The box prediction process contained three hidden layers, with a dropout of 0.2 added between the hidden layer one and two and the hidden layer two and three. All the layers except the output layers had the activation function Relu, while the output layer had the activation function Sigmoid. The Stochastic Gradient Descent (SGD) was used as the optimizer to accelerate the model computation with the learning rate (lr) = 1e-3, and the momentum = 0.9.

In short, the class prediction CNN had a structure of [256,128,64,32,3] with first layer and last layer as the input and output layer. Layers were connected with each other using the Relu activation function, and a drop-out layer of 0.2 was added between the first layer and the second layer, and the second layer and the third layer, while the output layer applied the Softmax function.

For the box prediction, the CNN has structure of [256,128,64,32,4], with the first layer and the last layer as the input and the output layers. Layers were connected with the Relu activation function and the last layer had the Sigmoid function, a drop-out layer of 0.2 was added between the first layer and the second layer, and the second layer and the third layer.

Because of the limited number of training samples, the number of training epochs was set to 10000, the base learning rate was set to 0.01, the momentum was set at 0.9 as in the original network.
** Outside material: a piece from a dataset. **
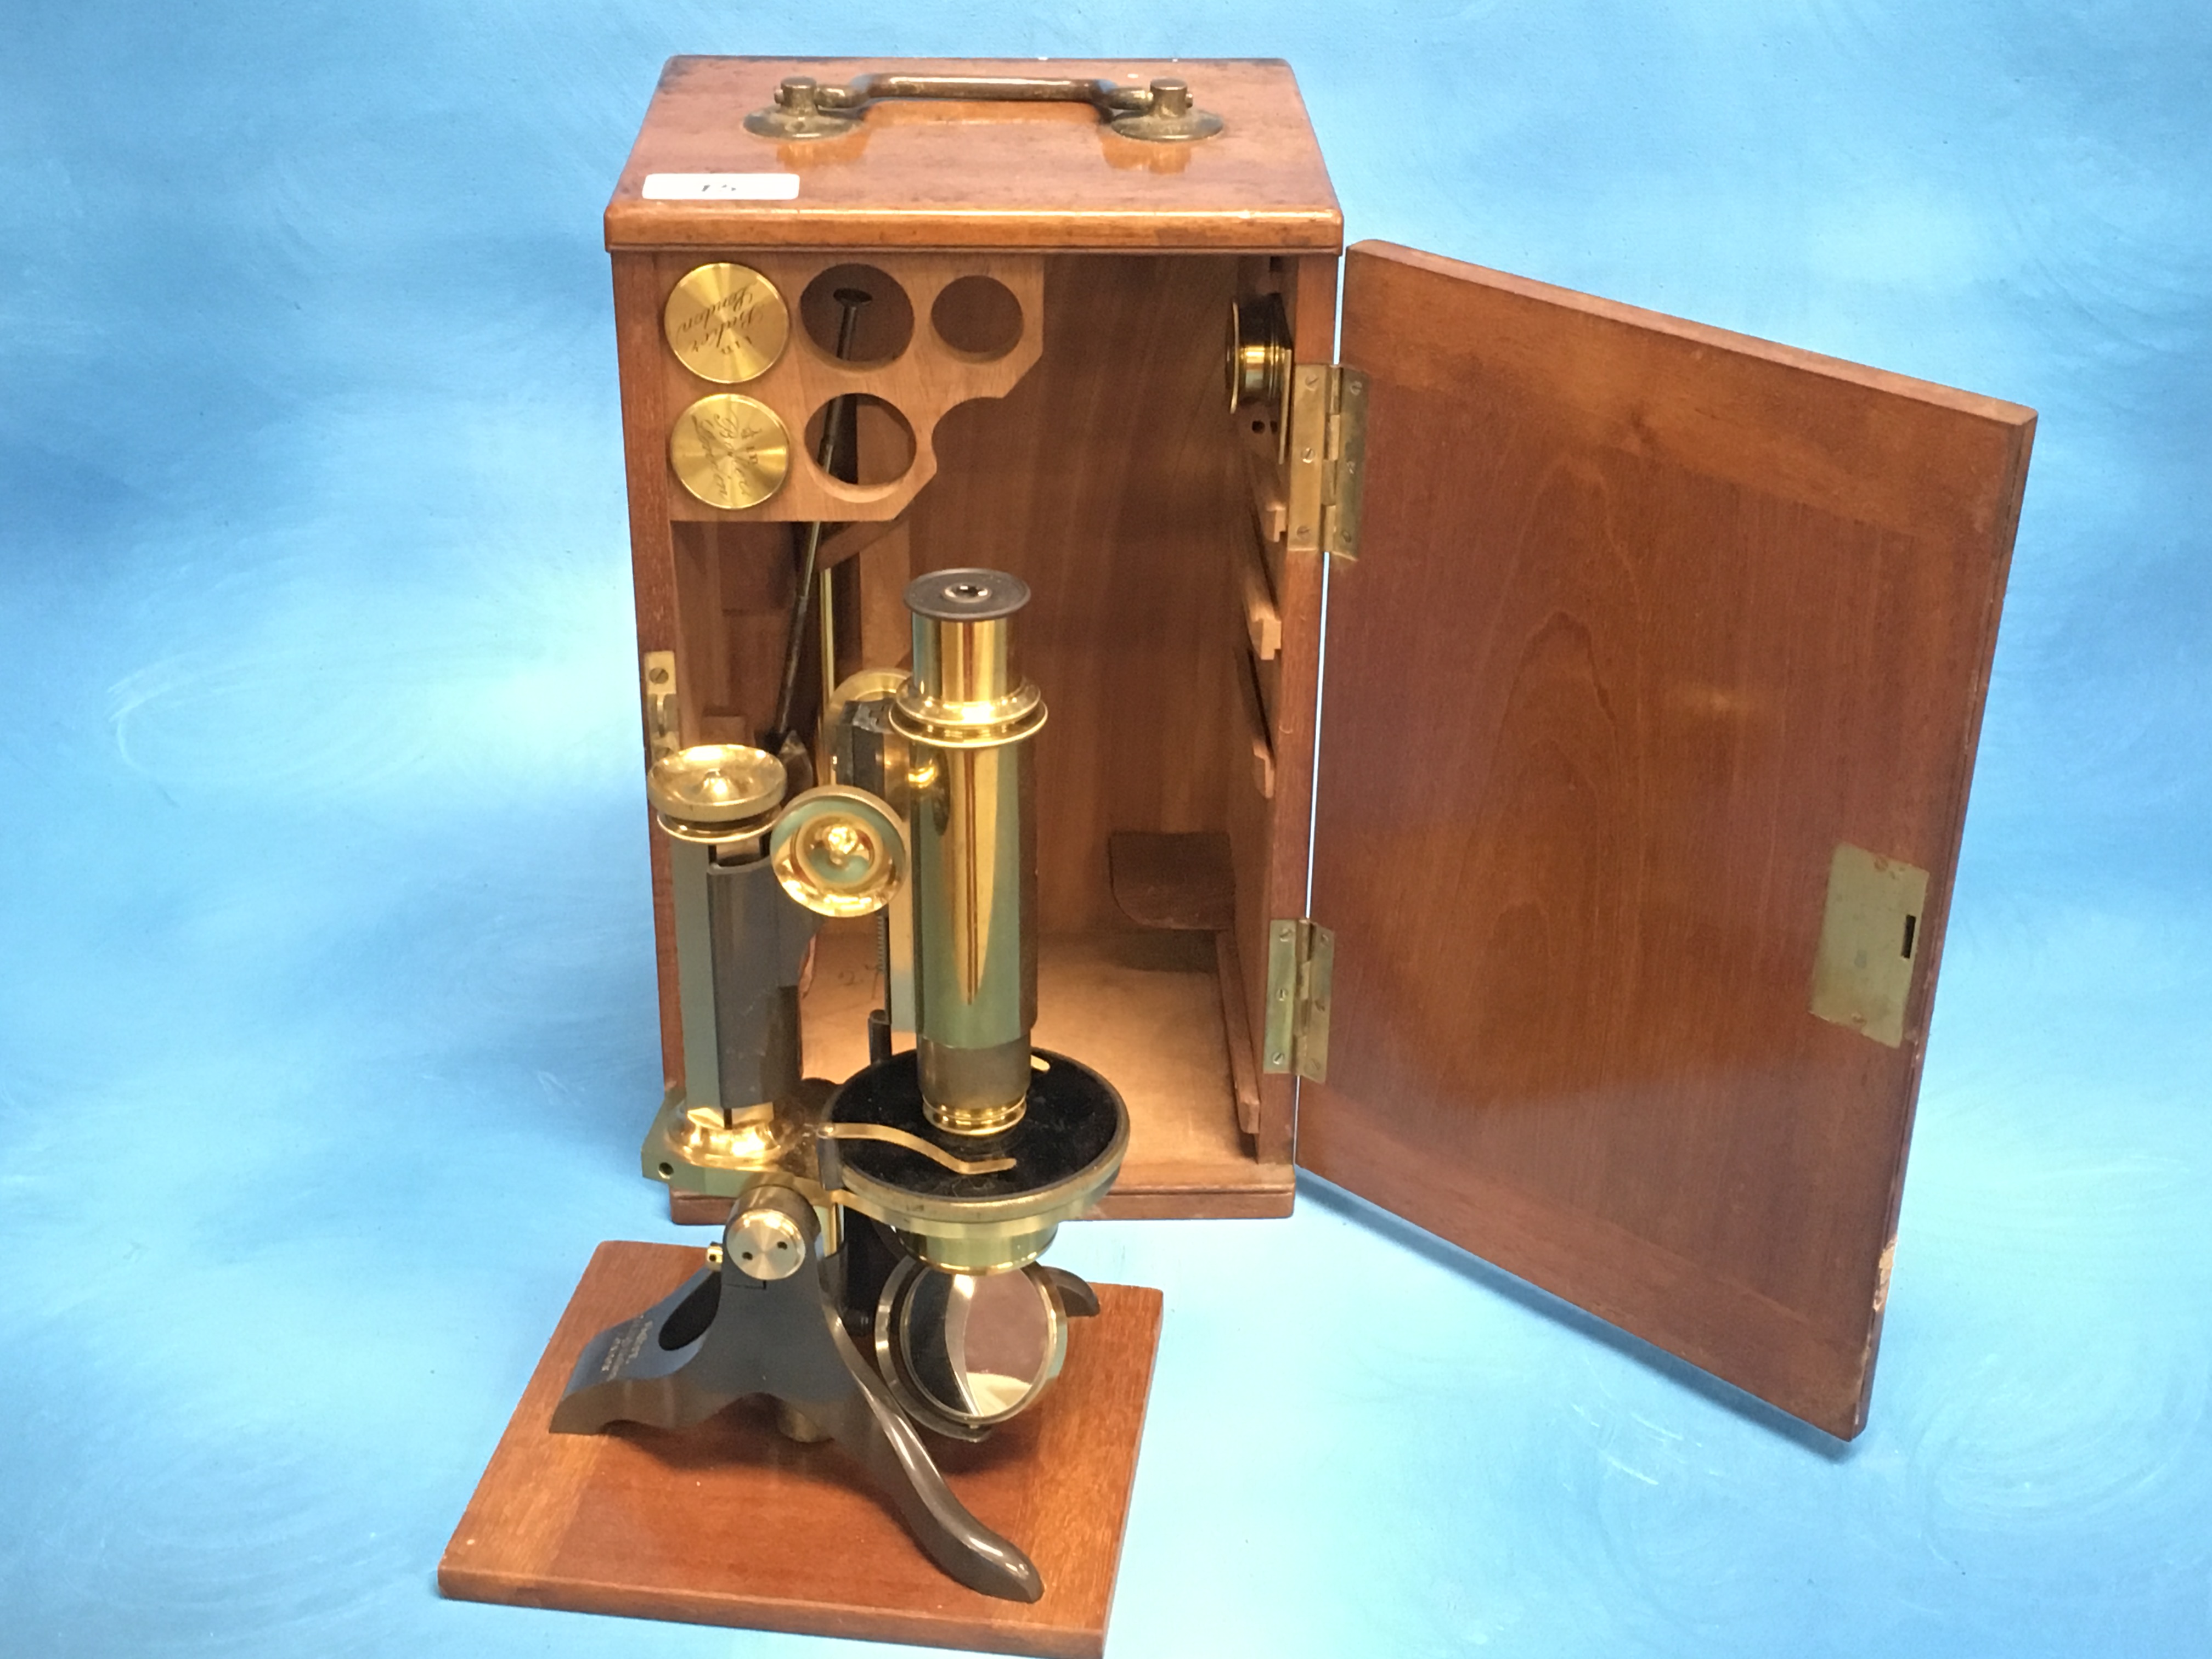 BRASS CASED MICROSCOPE WITH ACCESSORIES IN ORIGINAL FITTED MAHOGANY CASE BY BAKER LONDON - Image 2 of 2

The training time with the three different schemas was roughly forty minutes, 70 minutes and 120 minutes respectively, with the use of Google Colab GPU.

4. Results

For the dental images, class prediction was used, because all the output variables were categorical variables. We used accuracy, precision, recall, and the categorical loss entropy loss function for the class prediction. For the bounding boxes prediction, we used the Mean Square Error (MSE) to calculate the difference between the coordinates of the actual bounding boxes and the coordinates of the boxes that were manually drawn.

During the training process, the experiment used batch sizes of 32 and 10000 Epoches. Apart from the loss and accuracy, we also used three other criteria for the model evaluation. Precision, Recall and the F1-Score. In this study, we had a total of three classes, “Normal”, “Caries”, and “Filled”. For the “Caries” category, true positive means “Caries” that are correctly identified as “Caries”, while true negative means “non-Caries” images that are not identified as “Caries”. False positive means “non-Caries” images that are identified as “Caries”, while false negative means “Caries” images that are not identified as “Caries”. For the bounding boxes prediction, we used the MSE for the bounding boxes evaluation.
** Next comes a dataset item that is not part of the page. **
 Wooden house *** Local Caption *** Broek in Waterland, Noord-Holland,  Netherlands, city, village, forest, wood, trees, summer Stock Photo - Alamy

For schema 1, in Table 1 below, the training dataset had an accuracy of 0.96 and from Table 2 below, the “Normal” class had a Precision of 0.97, and the “Filled” category had a Precision of 0.79. The “Caries” category had a Precision of 0.7 and a Recall of 0.82.

However, for the Test dataset the accuracy results were not so good. Table 3 and Table 4 below show the Schema 1 confusion matrix and test accuracy results.

As we only had 350 Caries images in the training dataset, comparing to 11335 Normal Images in the training dataset, the Precision (0.37), Recall (0.65) and F1- score (0.47) accuracies in the Test dataset for Caries was not as high as the Precision (0.95), Recall (0.87) and the F1-score (0.91) for the Normal category. Therefore, we decided to augment more Caries images in the training dataset while avoiding overfitting on the training dataset.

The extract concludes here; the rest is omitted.